Hi, I'm using logstash to extract data from database and send to elasticsearch and to kibana.
What I want to do is I want elasticsesarch to store past data and just get newly inserted data to my oracle database. For instance, if data [No.1] ~ [No.10] have already been inserted to Elasticsearch, I want logstash to just read data from [No.11] ~ [No. most recent] and store them to Elasticsearch. Since I couldn't figure that out, I alternatively used duplicate filter, please refer to the code below to see how I did.

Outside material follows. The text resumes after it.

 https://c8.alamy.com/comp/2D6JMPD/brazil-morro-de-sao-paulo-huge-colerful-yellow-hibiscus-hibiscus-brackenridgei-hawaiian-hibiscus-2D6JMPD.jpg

- read every data till now:
TO_CHAR(DATE, 'yyyy-mm-dd HH24:MI') < TO_CHAR(SYSDATE, 'yyyy-mm-dd HH24:MI')
- remove duplicates
filter {
mutate {
add_field => {
"[@metadata][document_id]" => "%{IDX}"
}
}
}
But I guess this is waste of resource since logstash will read the whole data first and then remove the duplicates. Is there a better way to improve my code?
Thanks
Best
gee
P.S.
My logstash.conf file is as follows:
input {
jdbc {
jdbc_validate_connection =>
jdbc_connection_string =>
jdbc_user =>
jdbc_password =>
jdbc_driver_library =>
jdbc_driver_class =>
statement =>
"
SELECT IDX, DATE, PRICE, PROFIT
FROM TABLE_NAME
WHERE
TO_CHAR(DATE, 'yyyy-mm-dd HH24:MI') < TO_CHAR(SYSDATE, 'yyyy-mm-dd HH24:MI')
"
}
}
filter {
mutate {
add_field => {
"[@metadata][document_id]" => "%{IDX}"
}
}
}
output {
elasticsearch {
index =>
hosts =>
user =>
password =>
document_id => "%{[@metadata][document_id]}"
}
}
I skipped all the sensitive part, (e.g. user, password..)